Vulnerability in EPiServer.Forms
CustomerContext.Current.CurrentContact.ContactCreditCards should return saved credit cards but it doesn't return any list or say length is always 0, even after saving one credit card entry through code.Also the Saved payment tab is not there in latest versions for Customer Contact, so is this functionality removed intentionally or in process?
To ReproduceRun this code and at first run there can be empty list of credit cards but after saving one it should show saved credit cards list.

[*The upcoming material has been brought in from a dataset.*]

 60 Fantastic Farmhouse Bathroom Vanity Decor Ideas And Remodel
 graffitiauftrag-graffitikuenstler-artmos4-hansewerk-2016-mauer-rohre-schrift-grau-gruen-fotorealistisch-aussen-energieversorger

var epiServerContext = CustomerContext.Current.CurrentContact;
var epiServerCreditCards1 = CustomerContext.Current?.GetContactCreditCards(epiServerContext);
var epiServerCreditCards2 = epiServerContext?.ContactCreditCards;
var creditCard = new CreditCard
LastFourDigits = Convert.ToString("1111"),
ExpirationMonth = Convert.ToInt32(12),
ExpirationYear = Convert.ToInt32(2023),
CardType = 1,
Checking the foundation code that credit card creation is different that what you've got, instead it's
var creditCard = Mediachase.Commerce.Customers.CreditCard.CreateInstance();
creditCard.ContactId = PrimaryKeyId.Parse(_customerService.GetCurrentContactViewModel().ContactId.ToString());
Can you try this and see if you still get the issue as foundation is using GetContactCreditCards(currentContact) as you are
Apologies Scott, I don't mean to hijack your response. Just going to add my 2 cents.
CreditCard class has actually been marked as obsolete. The reason is that it's not actually PCI compliant because its storing credit card information as plain text in the database. So I expect they will remove this soon. I can't remember what the time frame is from marking a class obsolete to it being removed from the codebase, maybe Scott can help shed some light on that. I would not recommend using this part of commerce and implement your own credit card persistence and have it conform to pci compliance standards.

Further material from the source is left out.